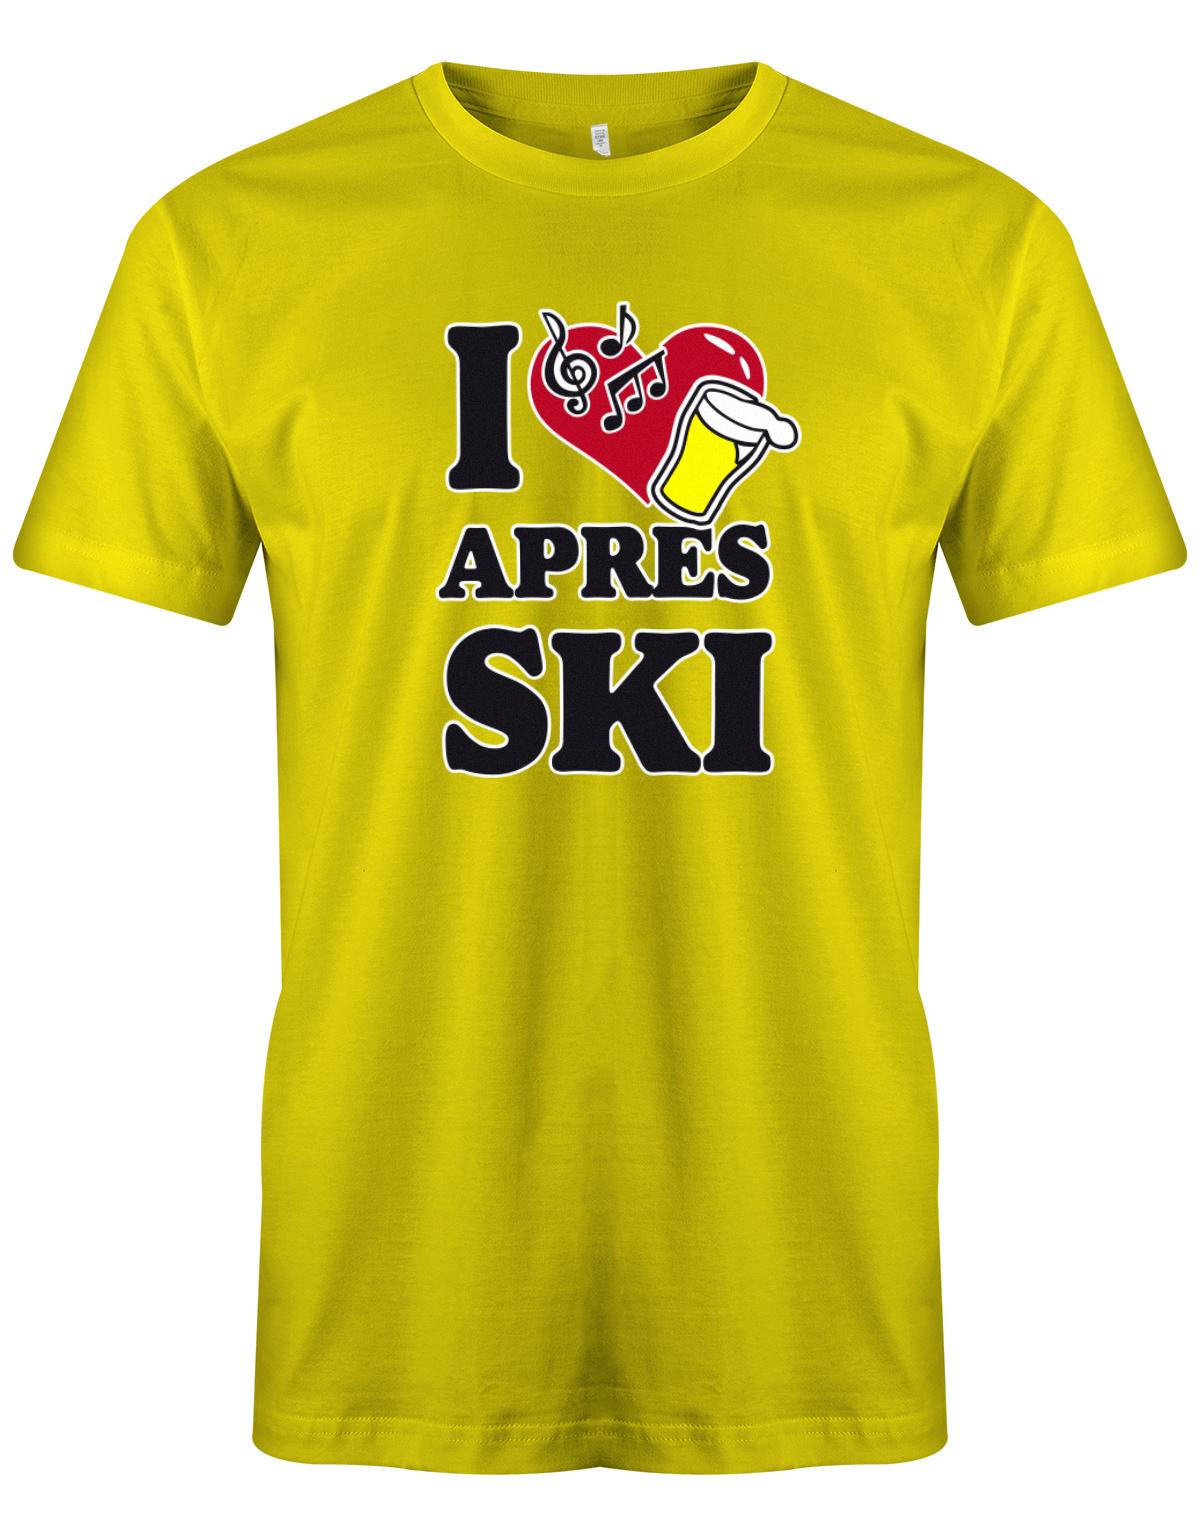 I-love-Apres-Ski-Herren-Shirt-Gelb
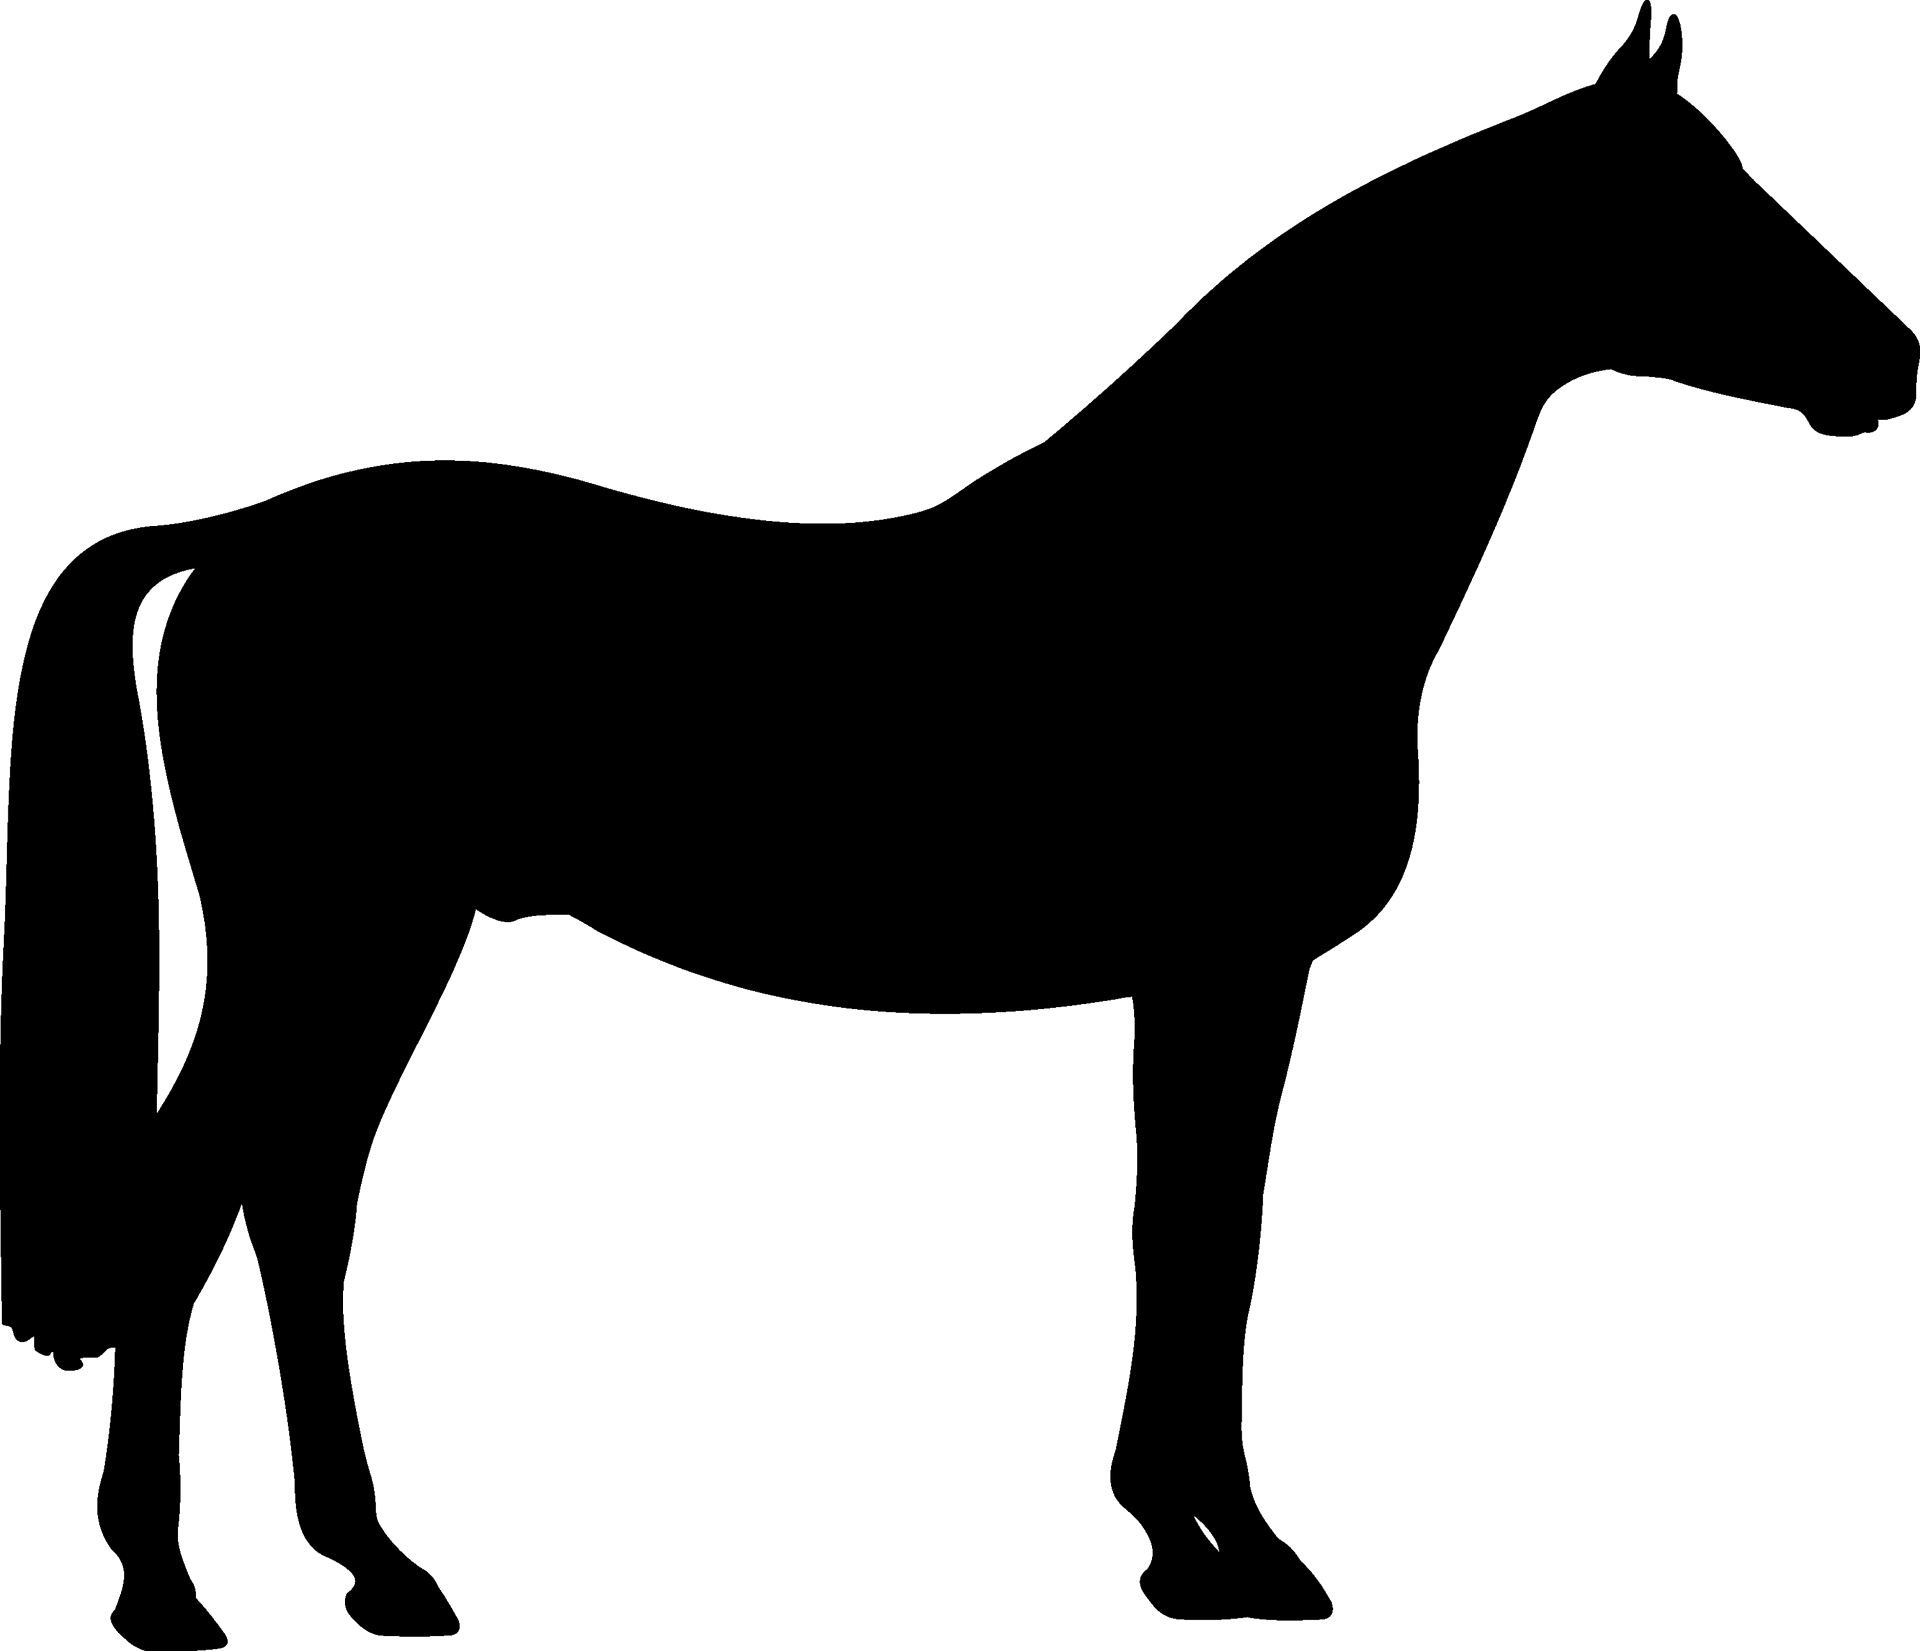 horseplaceholder
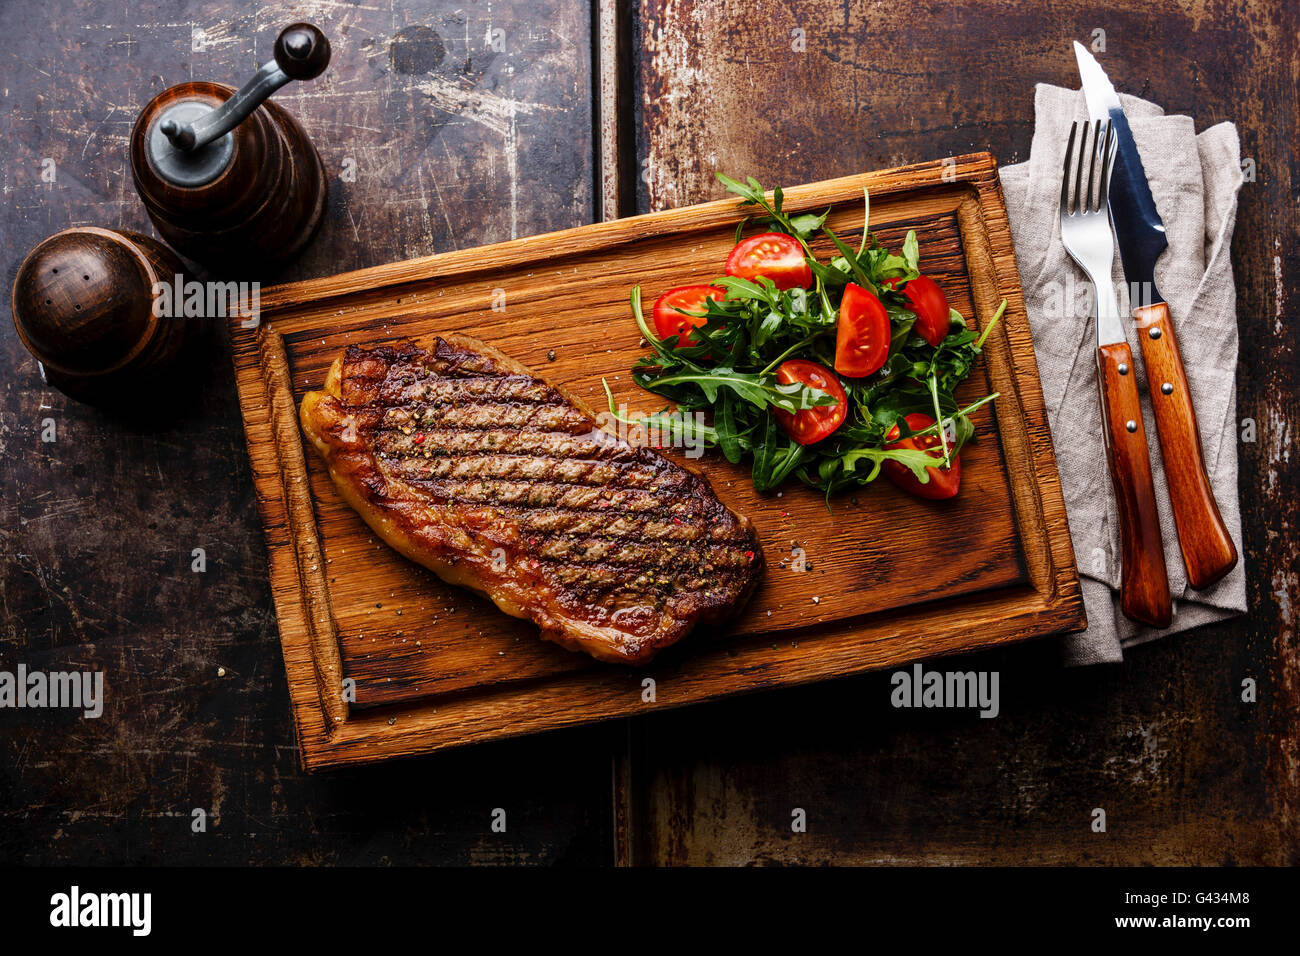 Alla brace bistecca di controfiletto con insalata e una forchetta e coltello sul tagliere su sfondo scuro Foto Stock

**TASK GOAL:**
Please give back the data above word for word, with no pictures included.

**TASK RESPONSE:**
 I-love-Apres-Ski-Herren-Shirt-Gelb
 horseplaceholder
 Alla brace bistecca di controfiletto con insalata e una forchetta e coltello sul tagliere su sfondo scuro Foto Stock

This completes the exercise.